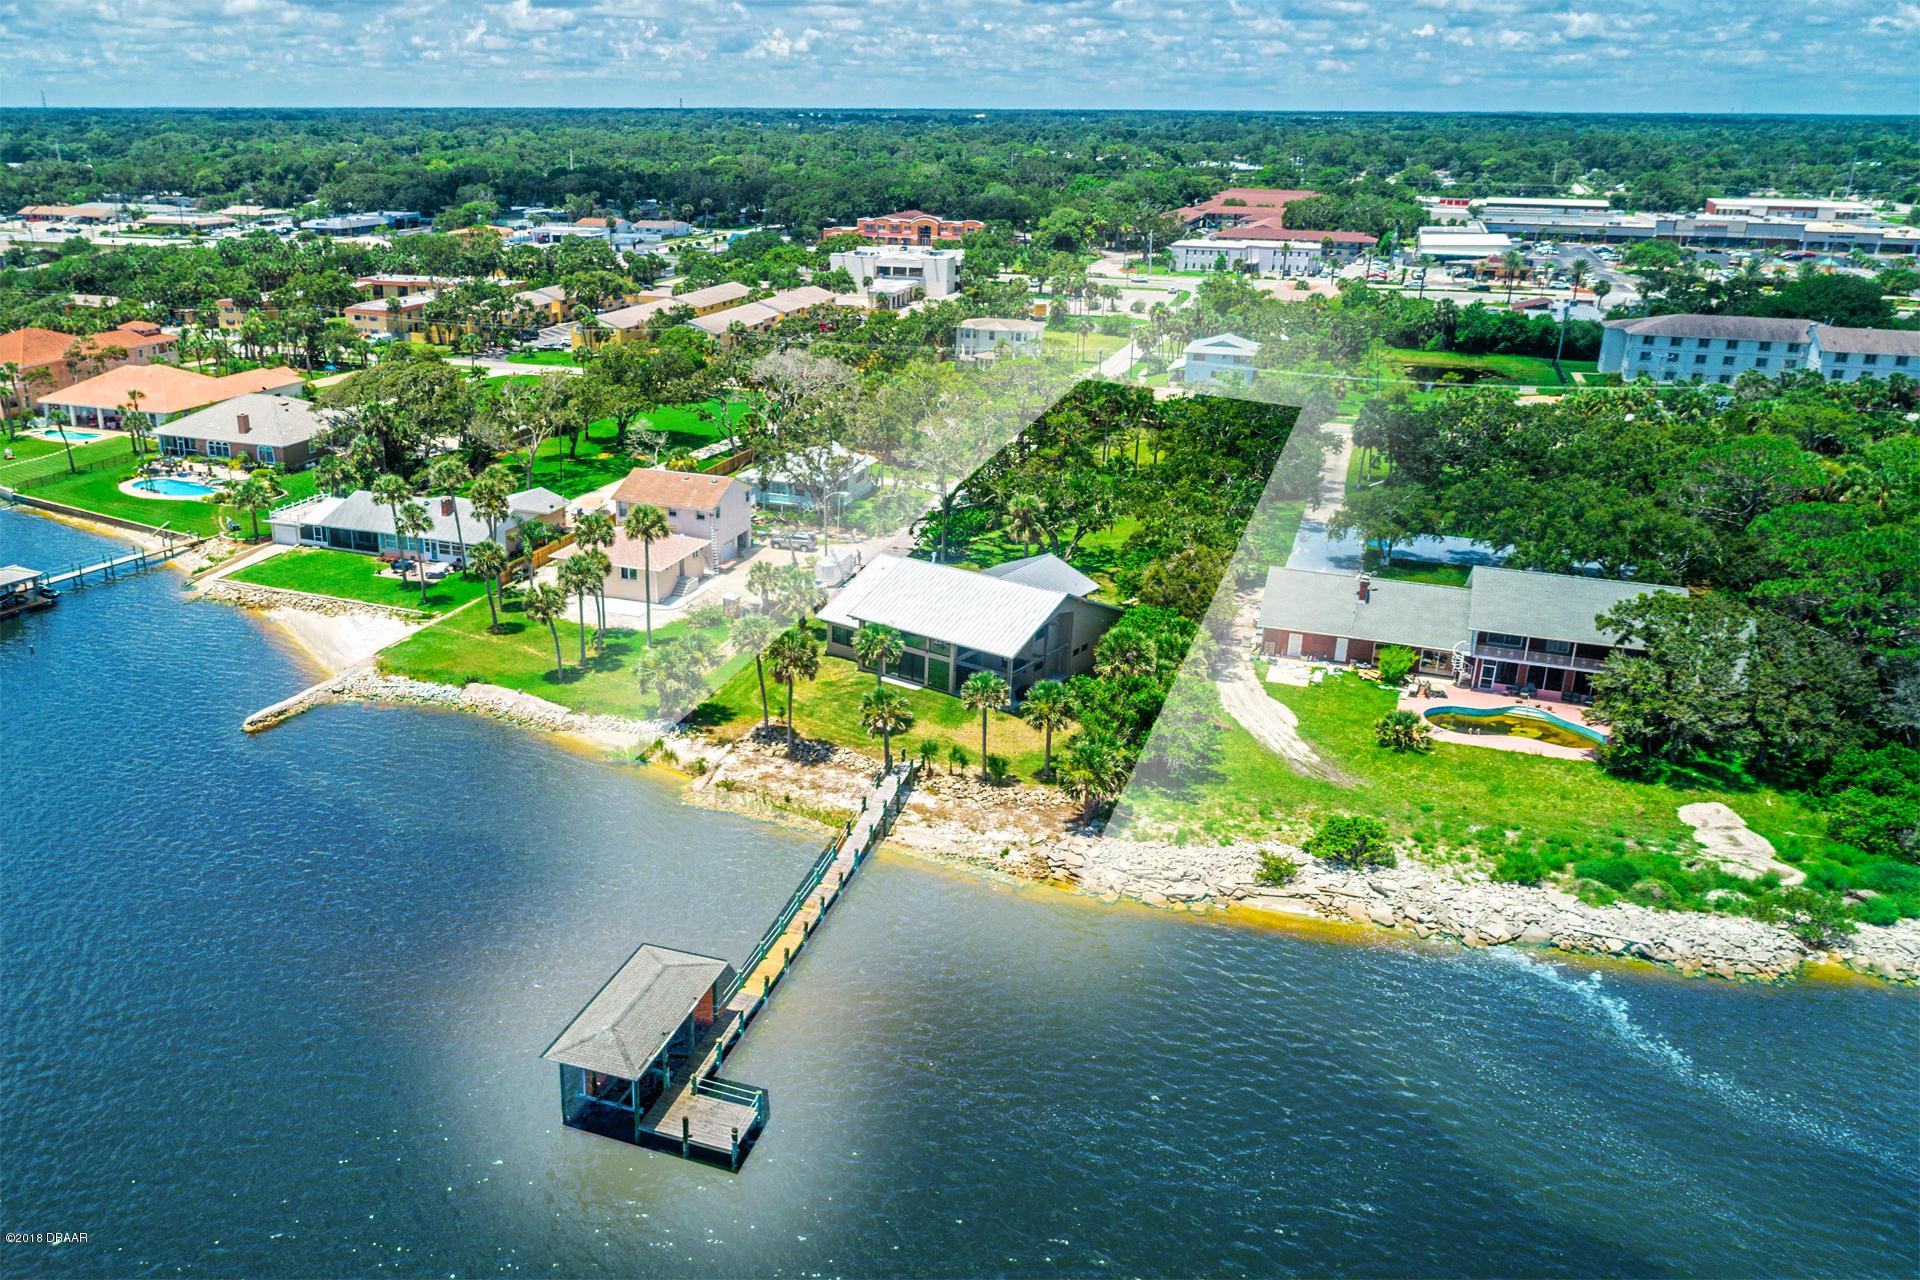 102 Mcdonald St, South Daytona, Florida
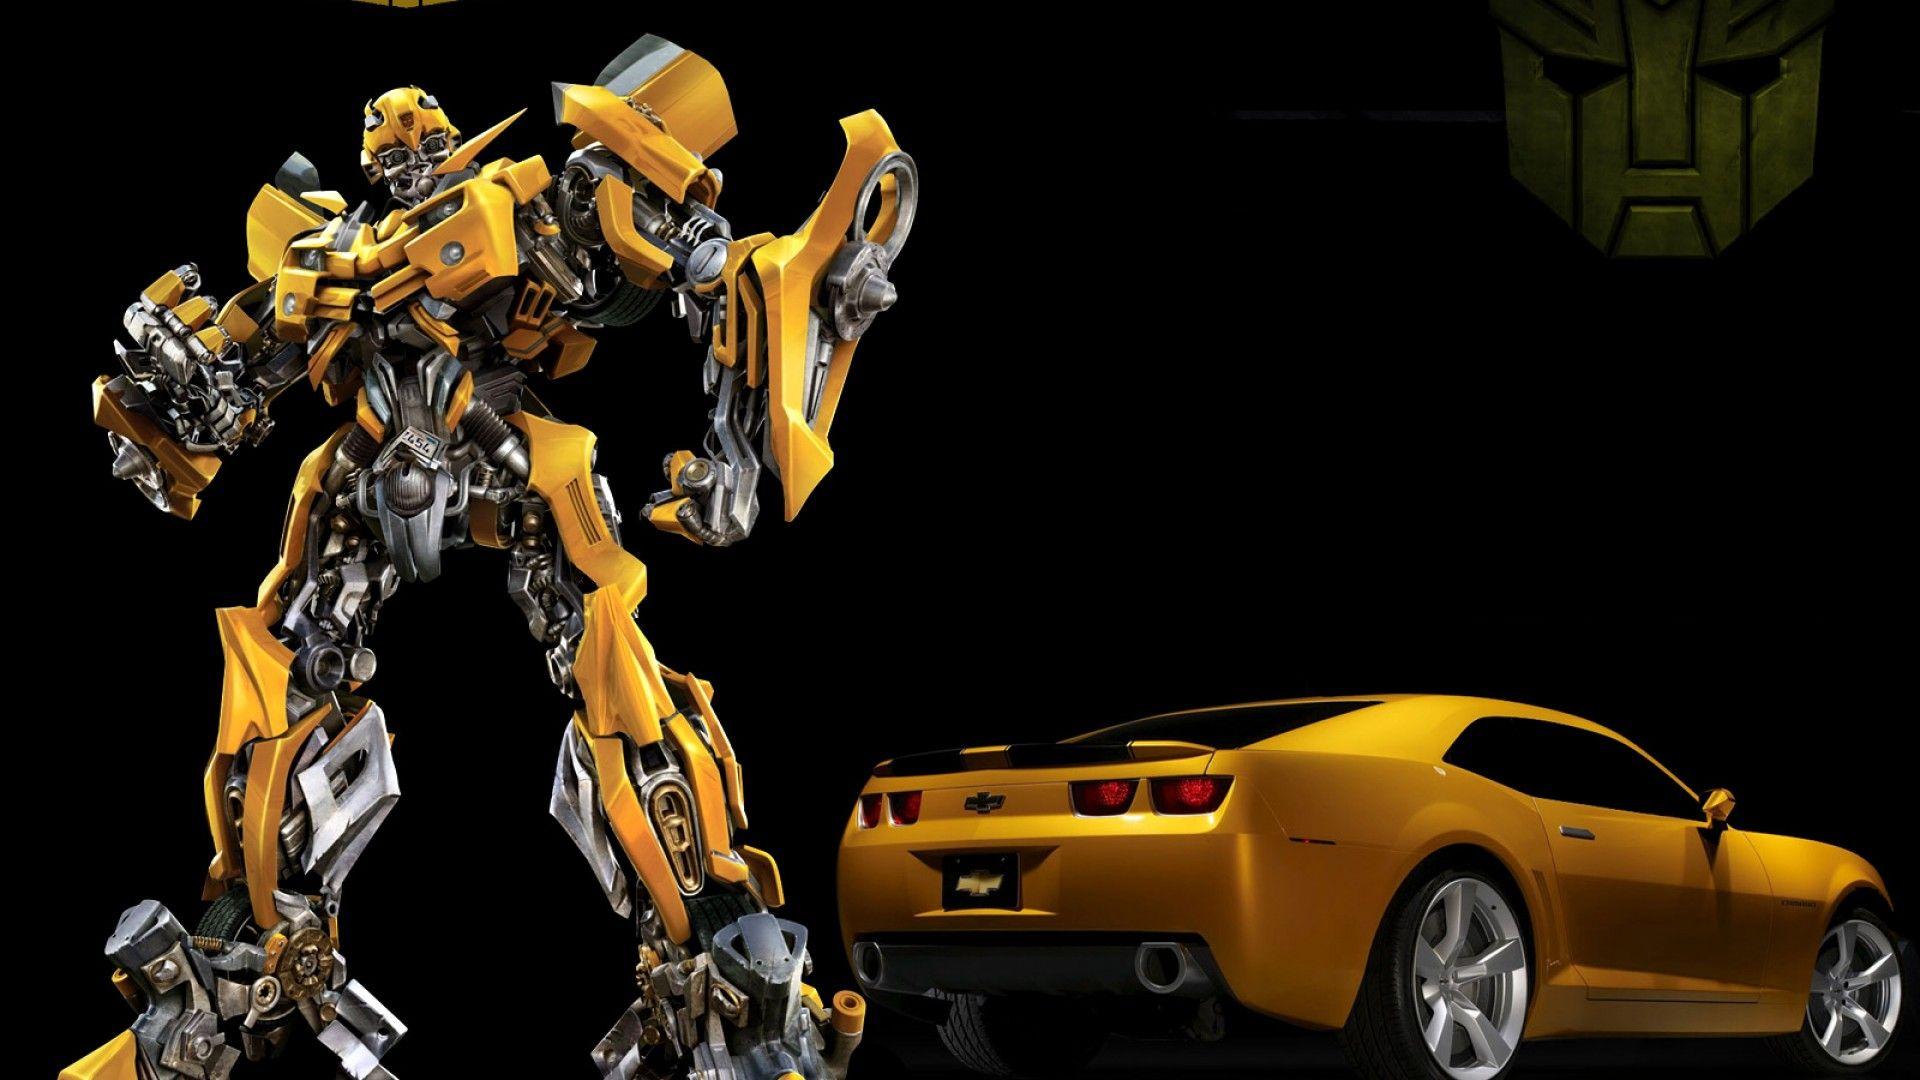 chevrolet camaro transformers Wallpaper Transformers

---

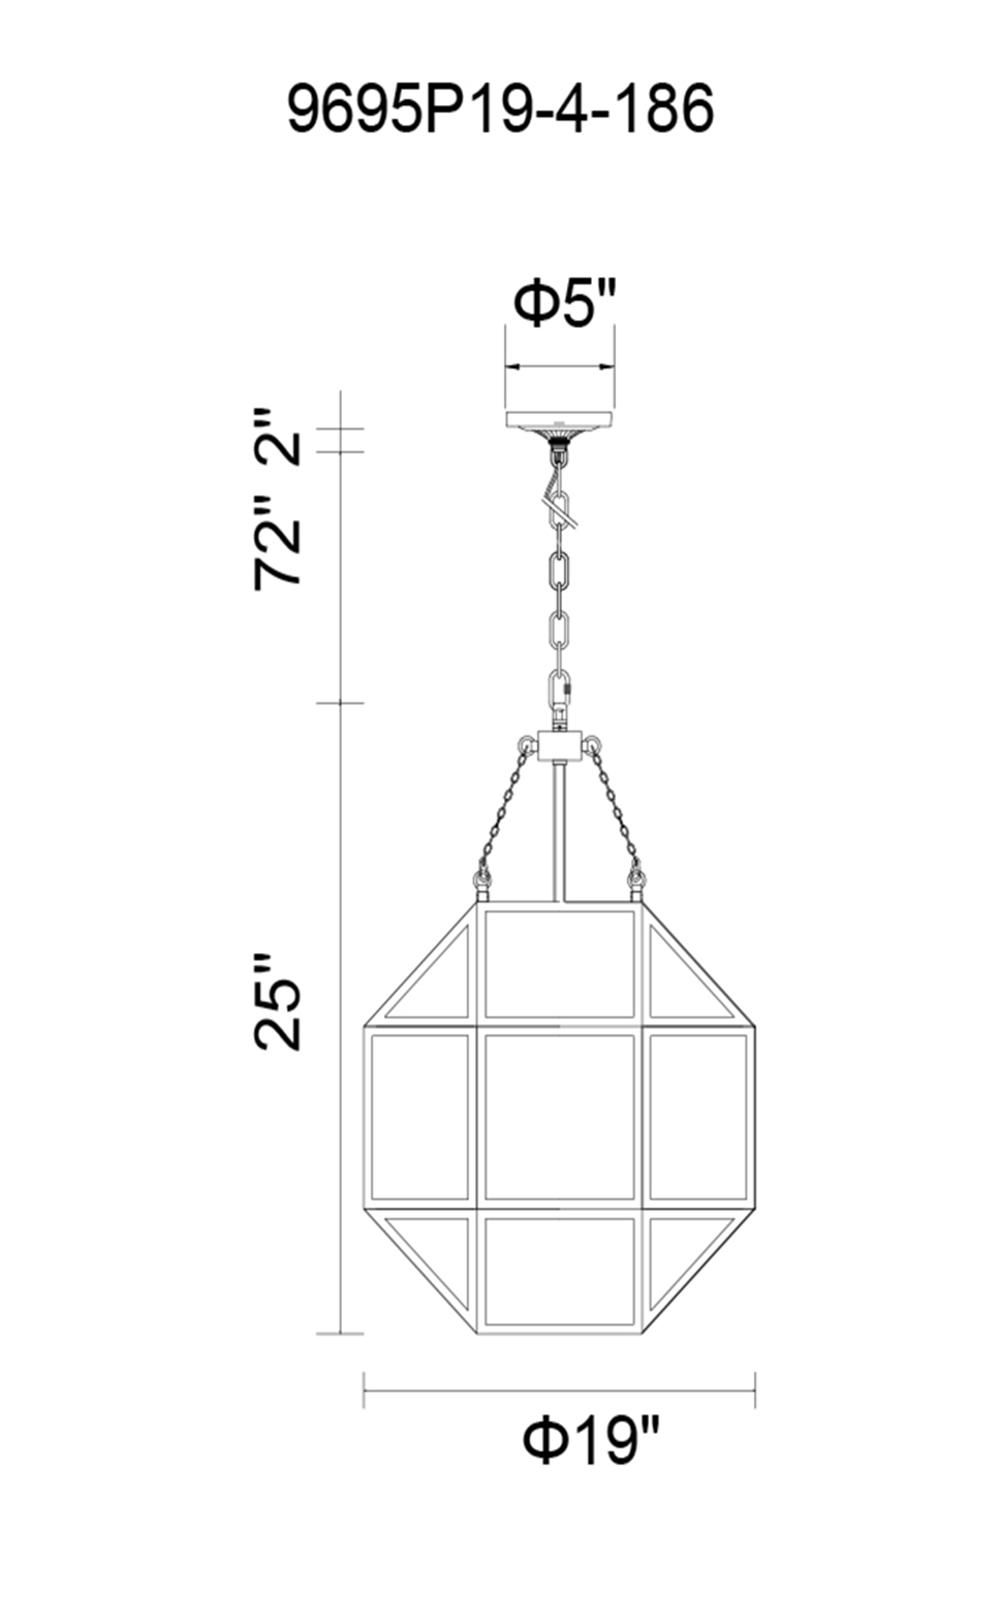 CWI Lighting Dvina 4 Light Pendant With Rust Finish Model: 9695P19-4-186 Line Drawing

==

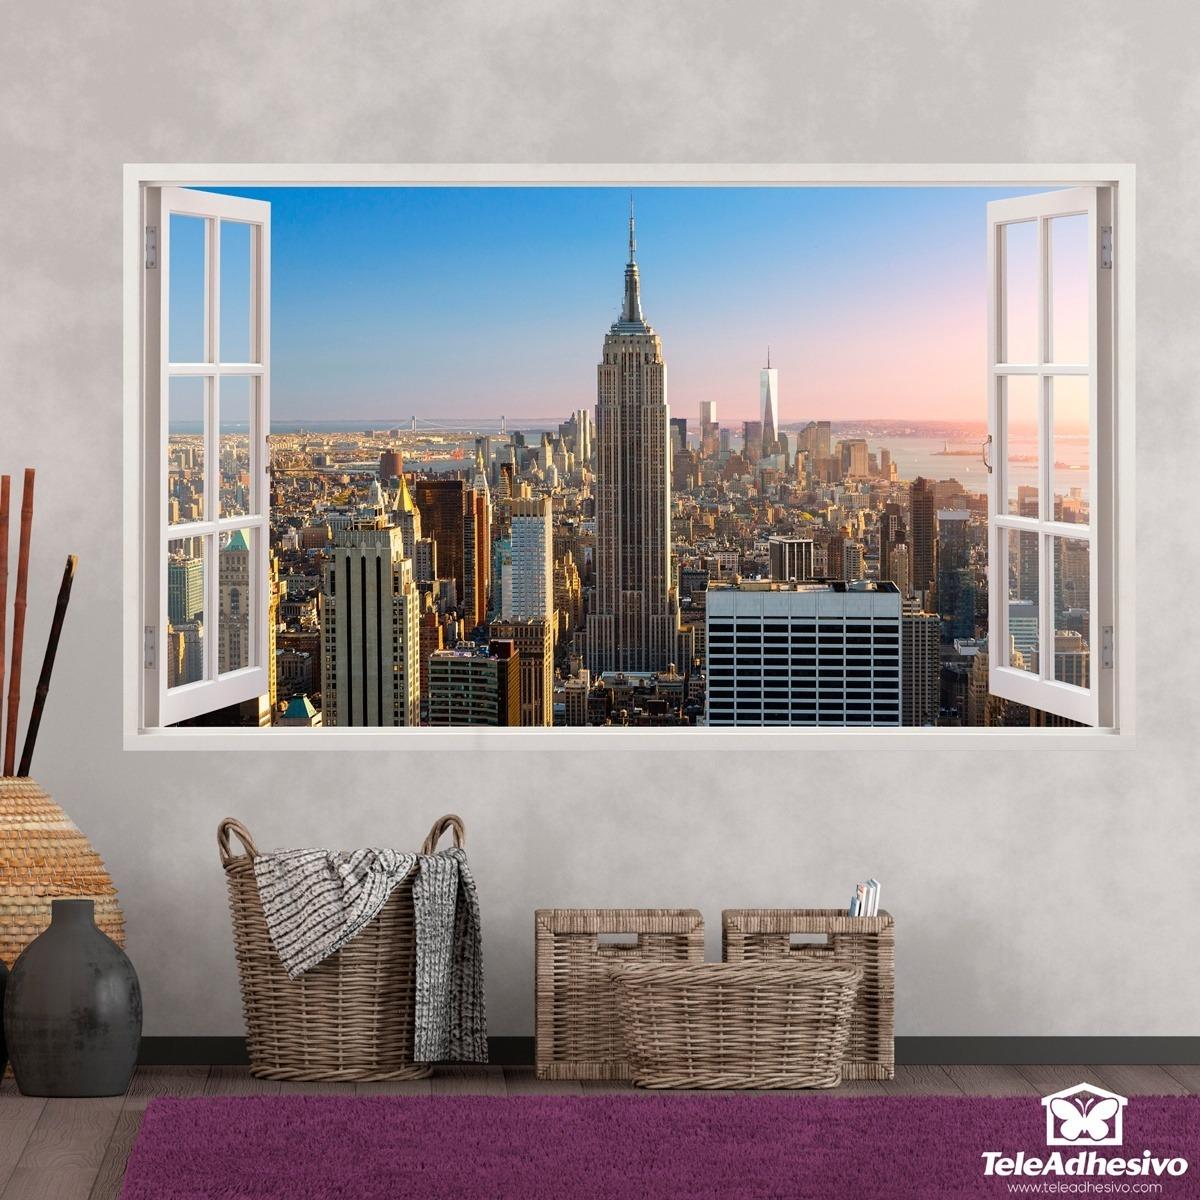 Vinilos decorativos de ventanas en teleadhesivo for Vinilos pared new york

> **Instructions to follow**
The output is the stretch above from the line with "102 Mcdonald St, South Daytona, Florida" through the line with "chevrolet camaro transformers", copied word for word with both ends kept and every picture dropped.

> **Answer space**
 102 Mcdonald St, South Daytona, Florida
 chevrolet camaro transformers Wallpaper Transformers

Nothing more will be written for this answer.